Identification of copy number variants from exome sequence data
1 Department of Medical Genetics, University of Oslo, Oslo, Norway
2 Department of Medical Genetics, Oslo University Hospital, Postboks 4956, Oslo 0424, Norway
3 Department of Haematology, Oslo University Hospital, Oslo, Norway
4 Institute of Clinical Medicine, University of Oslo, Oslo, Norway
5 Center for Human Immunobiology/Section of Immunology, Allergy, and Rheumatology, Texas Children’s Hospital, Houston, TX, USA
6 Baylor-Hopkins Center for Mendelian Genomics of the Department of Molecular and Human Genetics, Baylor College of Medicine, Houston, TX, USA
BMC Genomics 2014, 15:661 doi:10.1186/1471-2164-15-661Published: 7 August 2014
With advances in next generation sequencing technologies and genomic capture techniques, exome sequencing has become a cost-effective approach for mutation detection in genetic diseases. However, computational prediction of copy number variants (CNVs) from exome sequence data is a challenging task. Whilst numerous programs are available, they have different sensitivities, and have low sensitivity to detect smaller CNVs (1–4 exons). Additionally, exonic CNV discovery using standard aCGH has limitations due to the low probe density over exonic regions. The goal of our study was to develop a protocol to detect exonic CNVs (including shorter CNVs that cover 1–4 exons), combining computational prediction algorithms and a high-resolution custom CGH array.

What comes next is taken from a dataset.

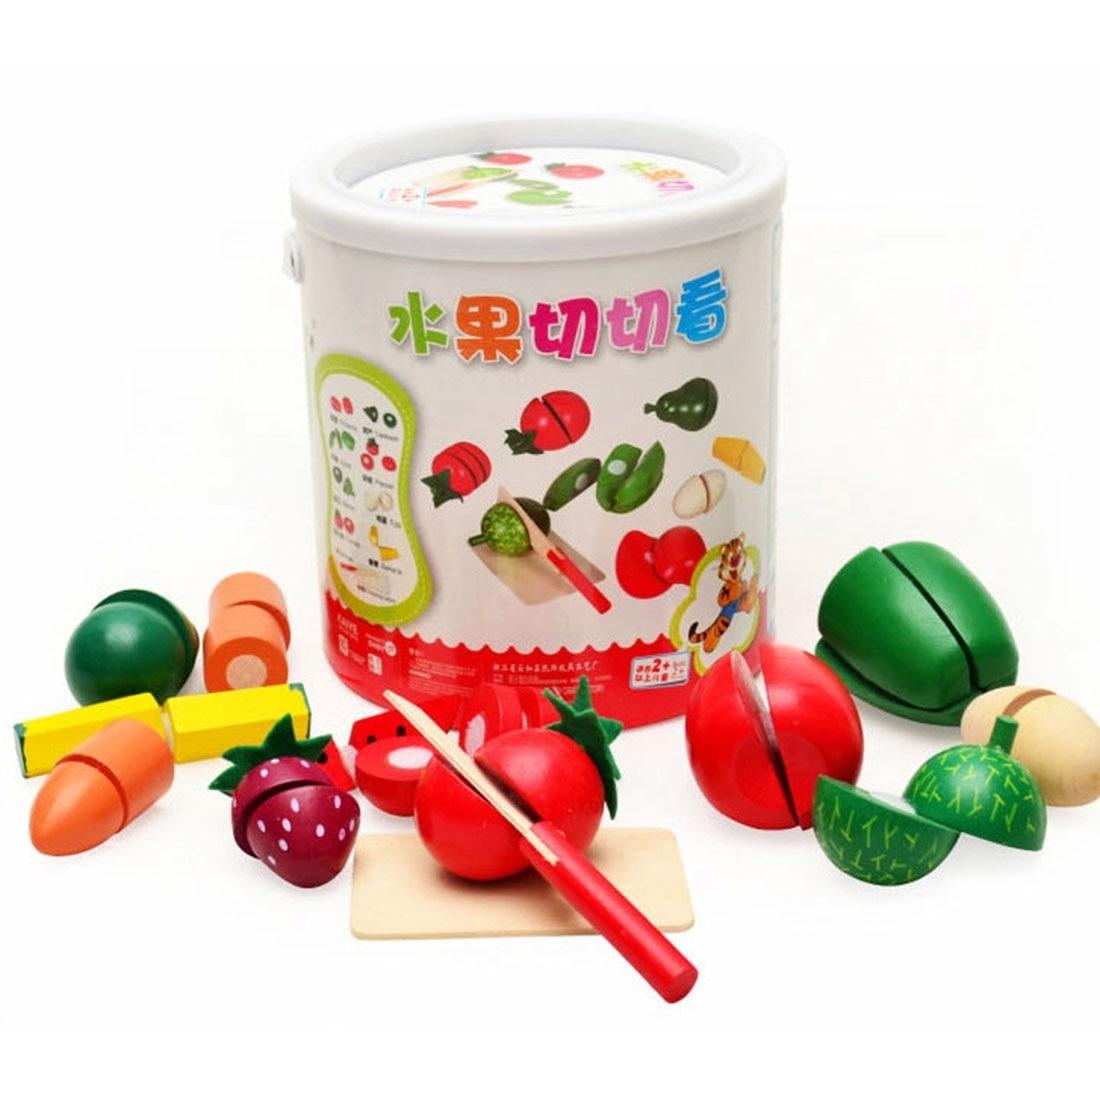 Surwish Sayuran Buah Kitchen Cutting Mainan Dengan Portabel Barel Kayu Puzzle Stiker Dan Sayur Cocina Juguete Brinquedo Kacang Kacangan Buahan Pemotong Plastik

We used six published CNV prediction programs (ExomeCNV, CONTRA, ExomeCopy, ExomeDepth, CoNIFER, XHMM) and an in-house modification to ExomeCopy and ExomeDepth (ExCopyDepth) for computational CNV prediction on 30 exomes from the 1000 genomes project and 9 exomes from primary immunodeficiency patients. CNV predictions were tested using a custom CGH array designed to capture all exons (exaCGH). After this validation, we next evaluated the computational prediction of shorter CNVs. ExomeCopy and the in-house modified algorithm, ExCopyDepth, showed the highest capability in detecting shorter CNVs. Finally, the performance of each computational program was assessed by calculating the sensitivity and false positive rate.
In this paper, we assessed the ability of 6 computational programs to predict CNVs, focussing on short (1–4 exon) CNVs. We also tested these predictions using a custom array targeting exons. Based on these results, we propose a protocol to identify and confirm shorter exonic CNVs combining computational prediction algorithms and custom aCGH experiments.